Let’s compare them with the most frequent ngrams “without stopwords” corpus, listed in the table below.

	digrams	freq	trigrams	freq	quadgrams	freq
1	right now	2282	new york city	269	vested interests vested interests	251
2	new york	1967	interests vested interests	251	interests vested interests vested	250
3	year old	1966	vested interests vested	251	amazon services amazon eu	42
4	last year	1854	let us know	238	cake cake cake cake	42
5	last night	1498	happy mothers day	217	martin luther king jr	40
6	years ago	1410	two years ago	161	just finished mi run	37
7	high school	1369	happy new year	146	rock roll hall fame	33
8	first time	1271	president barack obama	137	new york new jersey	29
9	feel like	1265	cinco de mayo	119	amp amp amp gt	28
10	last week	1216	new york times	118	mg cholesterol mg sodium	28
11	make sure	1067	world war ii	118	happy cinco de mayo	27
12	looking forward	1060	will take place	109	calories protein carbohydrate fat	26
13	can get	1052	looking forward seeing	93	protein carbohydrate fat saturated	26
14	looks like	927	gov chris christie	92	cholesterol mg sodium fiber	25
15	even though	921	first time since	86	let us know think	25
16	new jersey	842	year old son	82	amp amp amp amp	24
17	just got	802	year old daughter	81	carbohydrate fat saturated mg	23
18	one day	779	four years ago	76	fat saturated mg cholesterol	23
19	next week	773	three years ago	76	get real rewards just	23
20	two years	768	new years eve	75	new york stock exchange	23

As we can see, the ngrams in the second table seem more specific.

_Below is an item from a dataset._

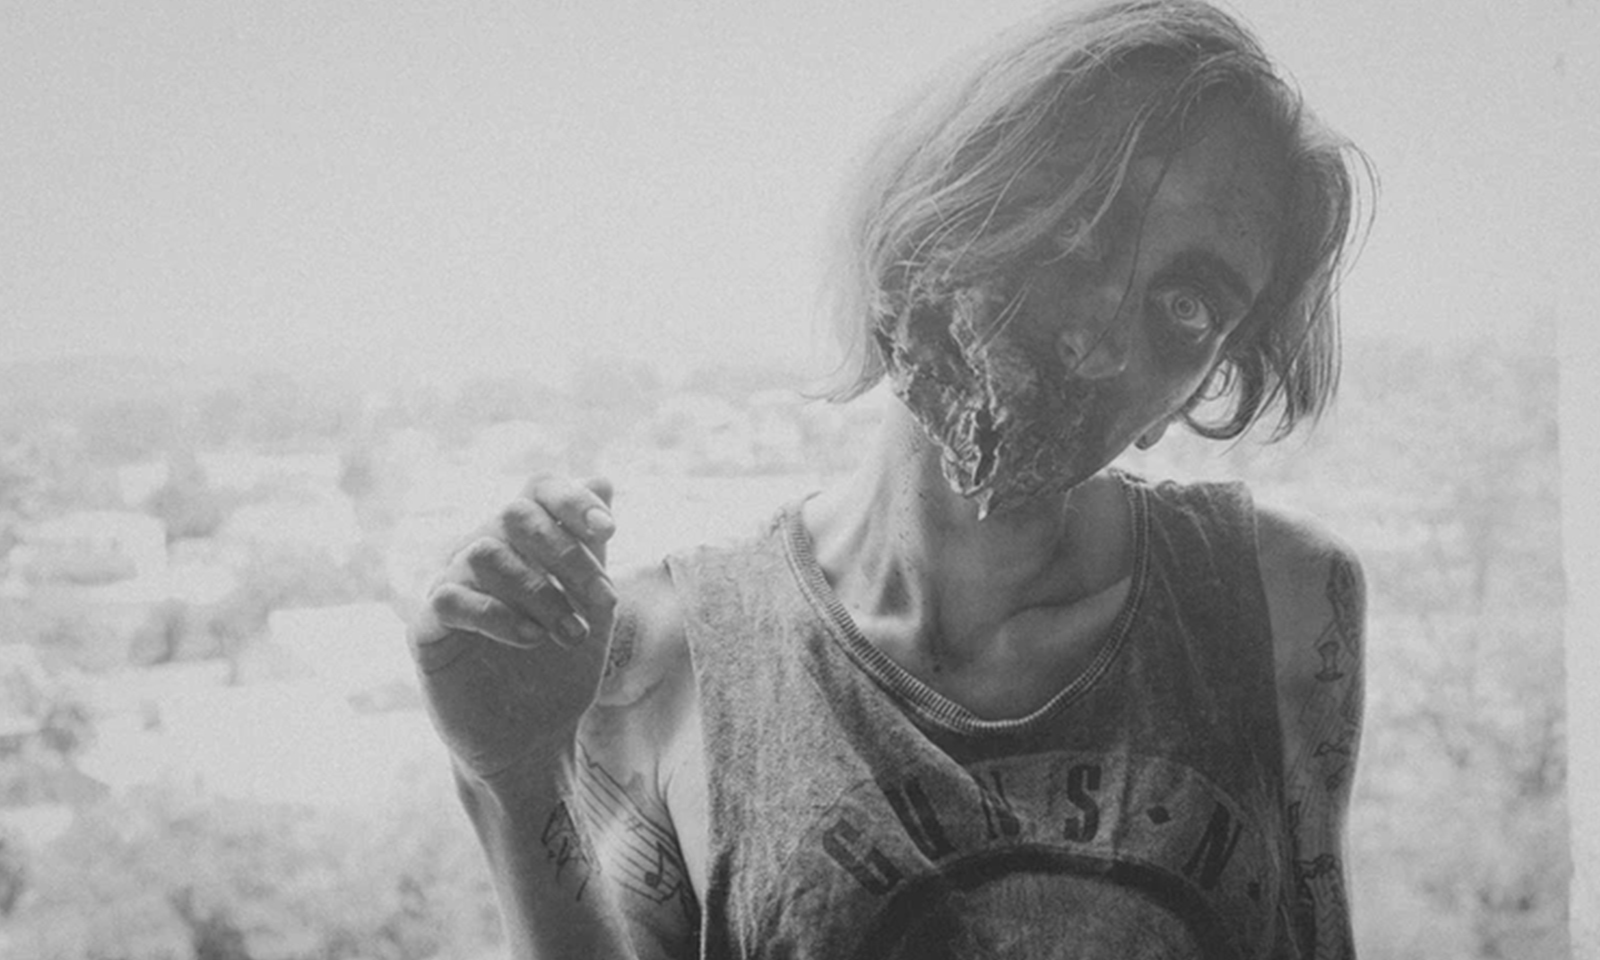 pessoa maquiada de zumbi representando The Walking Dead em imagem preto e branco

Conclusions for future modeling

The available text corpus is large and needs to be filtered carefully before modeling. With the long tails of low-frequency items, it may be useful to trim down the number of collected words and ngrams. When trimming down the corpus I will do the following:

keep single words that represent 95% of total word count
remove ngrams of frequency = 1.

An initial comparison of object.size() of the sample corpus of ngrams shows that after this reduction

“with stopwords” corpus size is reduced from 1.2Gb to 122.7Mb
“without stopwords” corpus size is reduced from 907.6Mb to 45.4Mb

This step will be helpfull to make downstream analysis more lightweight. Introducing higher order n-grams may be necessary, but will increase the size of the entire corpus.